◆ EXERCISE DIRECTIONS:
Although the listing below holds pictures, reproduce only its lines from the one containing "Allowing Peanut Butter" through the last, exactly and without them.

◆ DATA SHOWN:
--

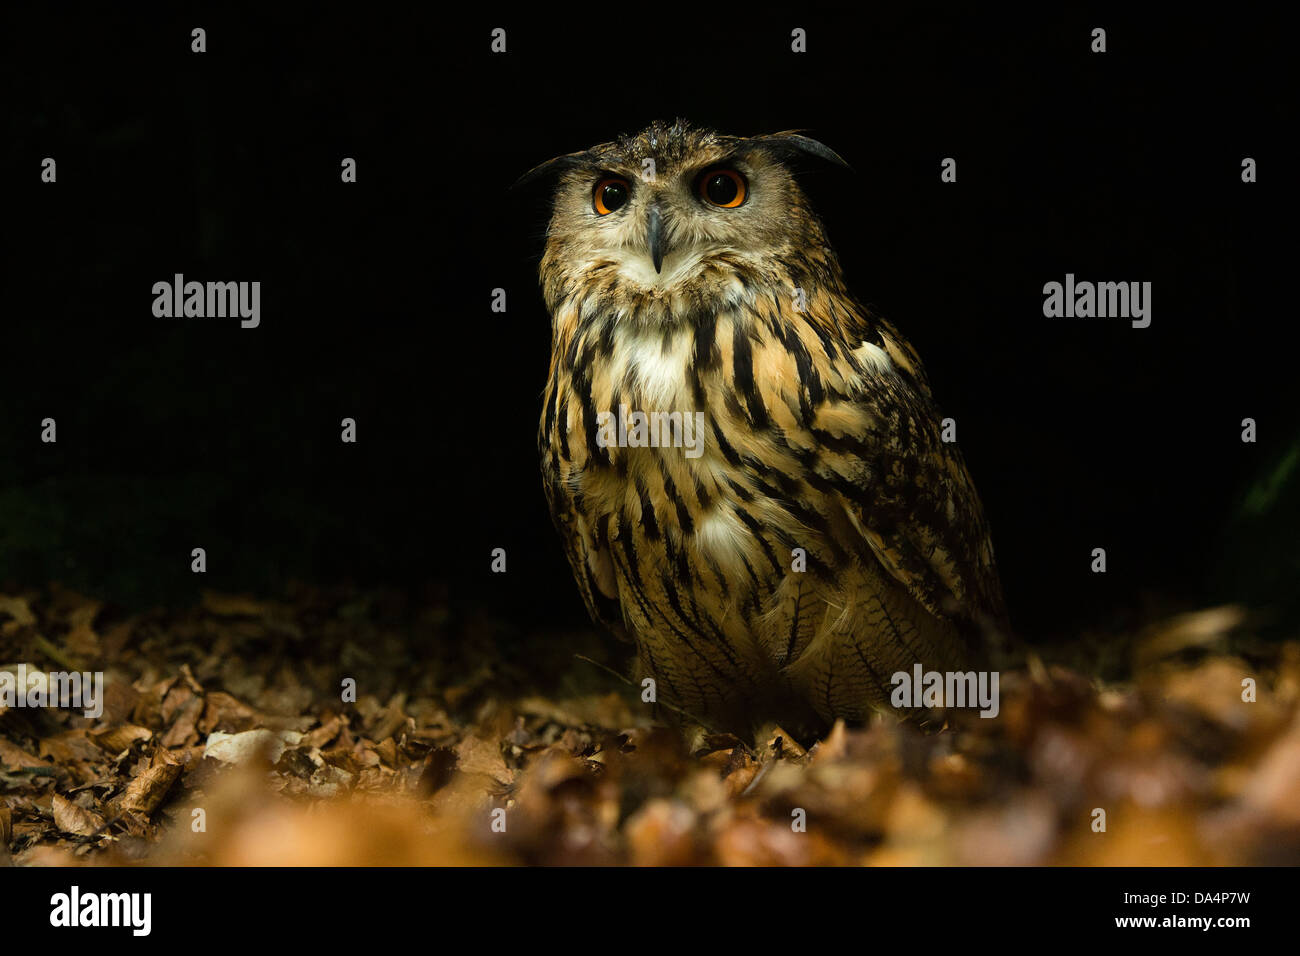 Eurasian Eagle Owl (Bubo Bubo) on a forest floor at night Stock Photo
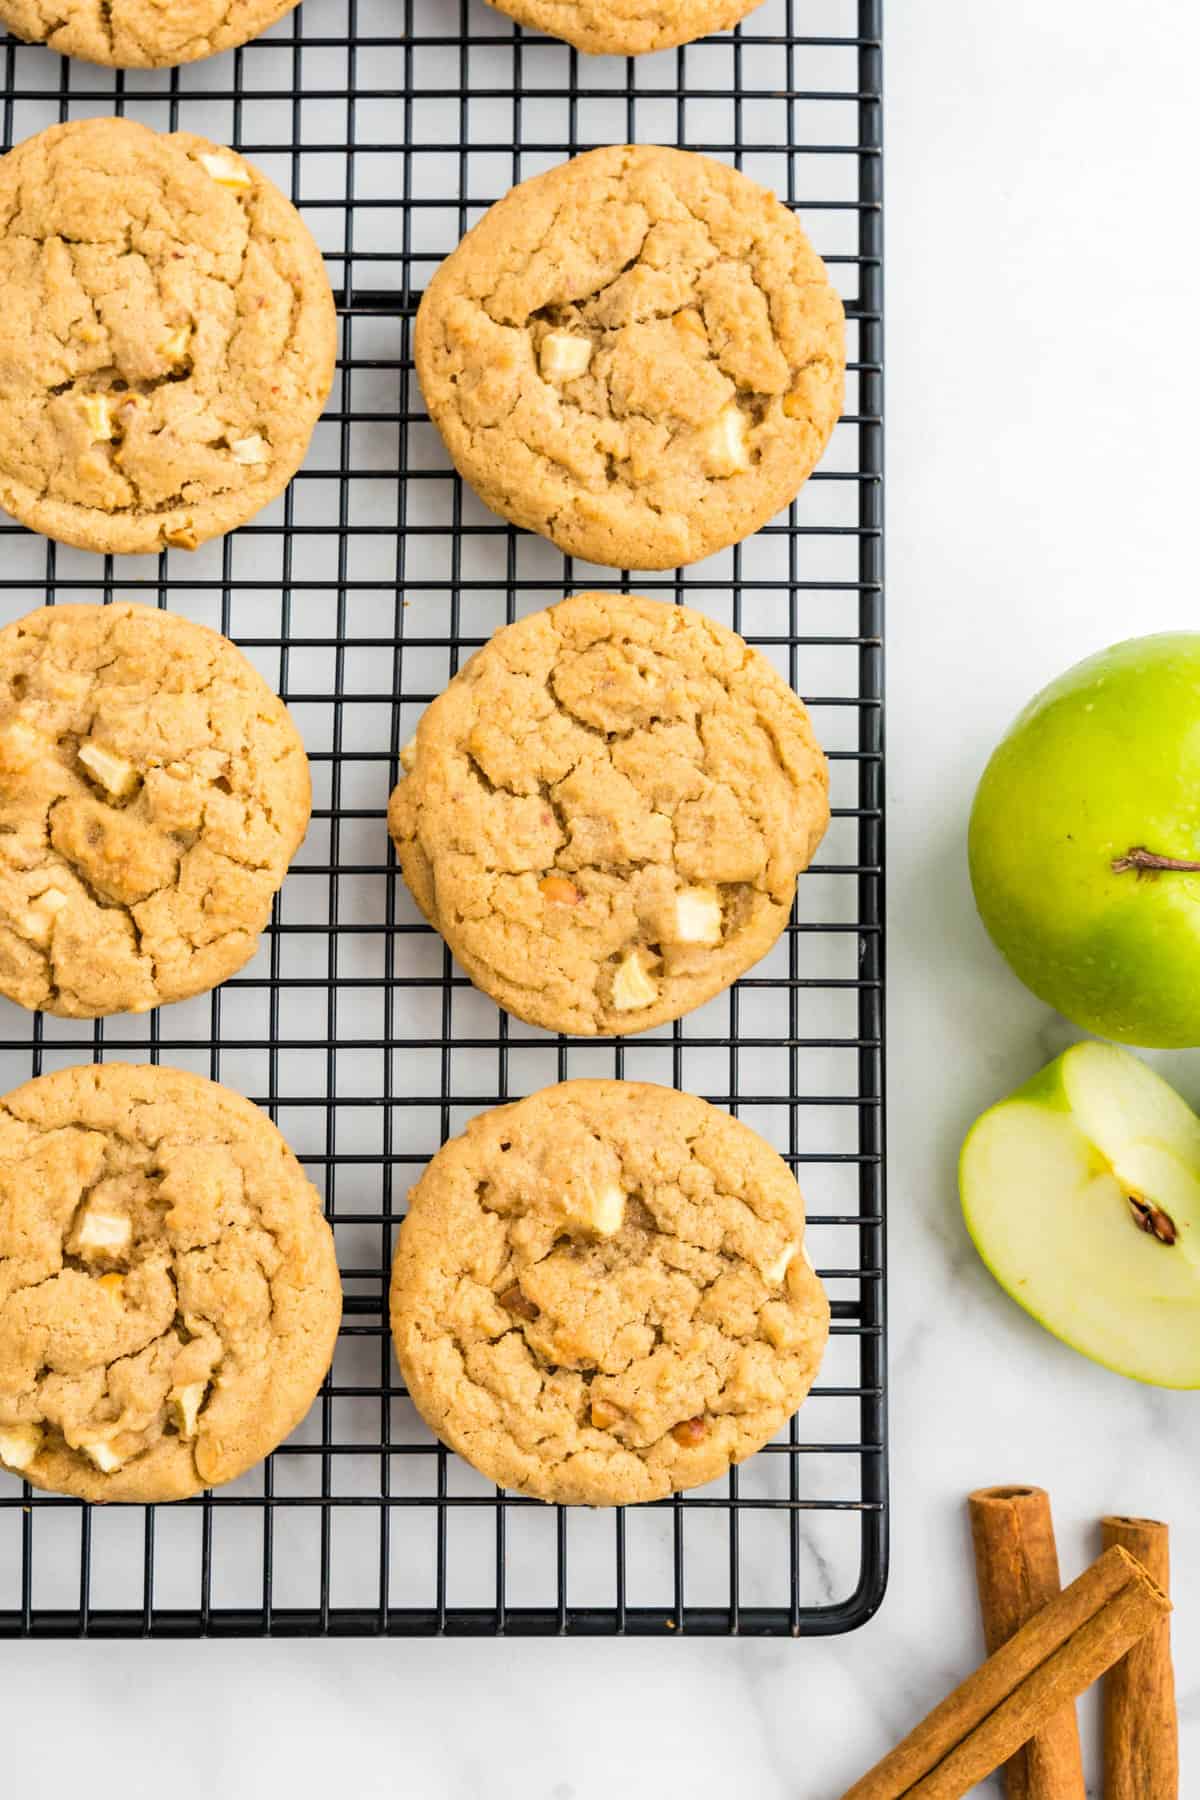 Allowing Peanut Butter Apple Cookies to cool on wire cooling rack
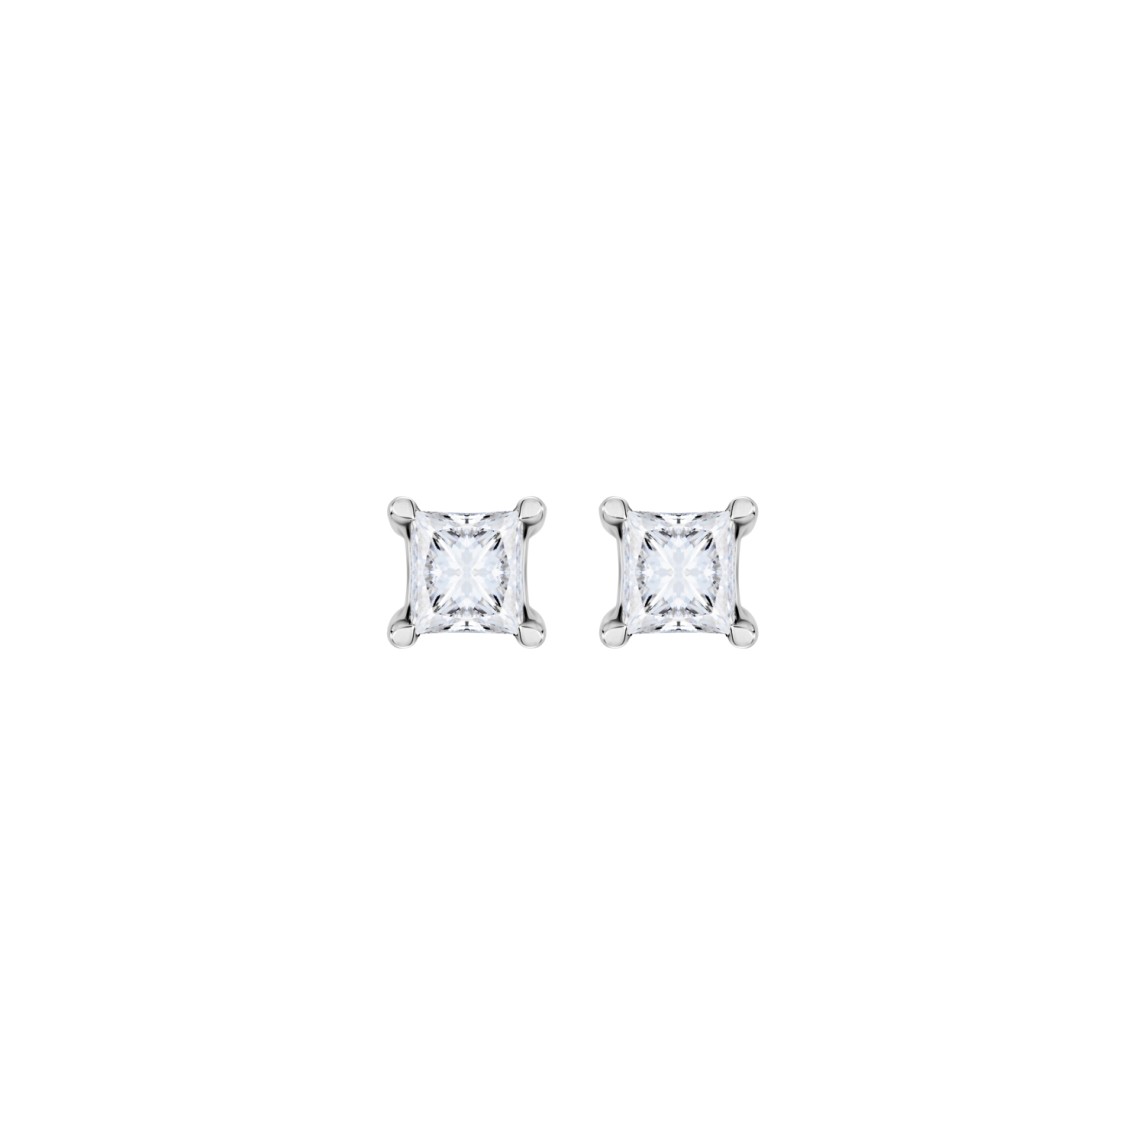 White Gold Earrings With Princess-Cut Diamonds

--

◆ ANSWER TO THE EXERCISE:
 Allowing Peanut Butter Apple Cookies to cool on wire cooling rack
 White Gold Earrings With Princess-Cut Diamonds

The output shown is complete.